La dimensione sportiva, che tende spesso a presentarsi come autosufficiente anche dal punto di vista antropologico, viene in realtà problematizzata, e ricondotta ad un contesto, capace di conferirle un senso non una volta per tutte, ma di volta in volta, nella concretezza delle scelte.
3.1.3. Corpo e anima nella Patristica greca e latina
Nonostante la blanda legittimazione paolina dei giochi sportivi, almeno come termine di paragone per la fatica della vita cristiana, alcuni Padri della Chiesa, come ad esempio Tertulliano e Noviziano, considerarono l’attività ginnico – sportiva un inutile, se non dannoso, retaggio del paganesimo, e come tale da respingersi. La fede cristiana, secondo questa visione, si esercita con la mente e il cuore, mentre il corpo deve essere mortificato, specialmente quando una sua cura eccessiva tende a prevalere sugli interessi spirituali. Apologisti della primigenia civiltà cristiana, essi condannavano duramente tutto quanto era pertinente con l’esercizio fisico e la sua valorizzazione, negando ogni valore ad un’attività motoria fine a se stessa.
Altri Padri della Chiesa invece, e furono la maggioranza, finirono con l’imporre una finalità all’attività motoria: essi infatti consideravano corpo ed anima un’unità inscindibile, e quindi si mostrarono favorevoli ad una certa cura del corpo, che fosse però funzionale alla vita di fede: tra questi il vescovo di Antiochia Ignazio, il vescovo di Cesarea Eusebio, che affermò addirittura che “gli atleti sono gli uomini più timorosi di Dio”, e il vescovo di Olimpo Metodio.

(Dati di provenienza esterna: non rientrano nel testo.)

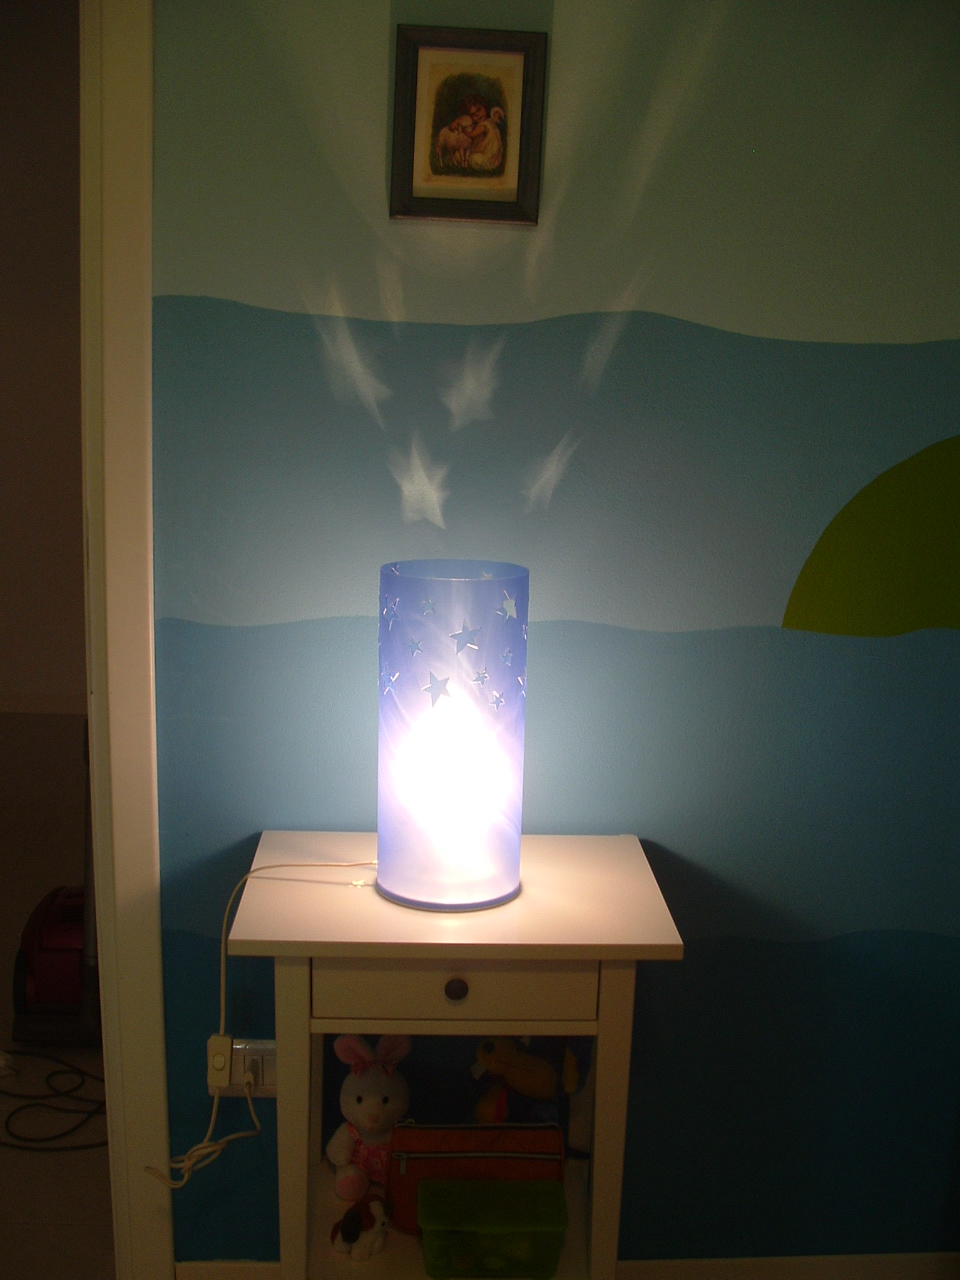 Abat jour da comodino ikea finest lampada da tavolo lampade da tavolo moderna semplice da letto - Lampade da comodino ikea ...

Clemente Alessandrino, in un trattato sull’educazione intitolato Il pedagogo, riconobbe una certa validità alla vita fisica, considerata come supporto naturale della vita etica e spirituale. Quindi anche l’educazione del corpo poteva rientrare nel progetto di vita cristiana: l’attività motoria e le pratiche igieniche dovevano abituare il corpo alle privazioni, alle fatiche e alla continenza. Tutto quello che Tertulliano riteneva inutile, come le corse, o immorale, come la lotta, in Clemente tornava ad avere una valenza formativa; persino i giochi con la palla potevano svolgere una funzione positiva. Origene, partendo da considerazioni sulla retorica classica, e comparando questa alla vita del fisico, giunse ad affermare che l’esercizio ginnico e il movimento secondo il ritmo avevano un ruolo formativo importante per i giovani. Persino Girolamo, che predilige l’ascesi e la contemplazione, additò la vita all’aria aperta come elemento complementare della formazione cristiana. Lo stesso Ambrogio, di cui abbiamo già detto precedentemente, praticava il gioco della palla e ne parlava in termini positivi: il problema consisteva nello svincolare la pratica motoria della finalizzazione paganeggiante, utilizzandola in chiave cristiana.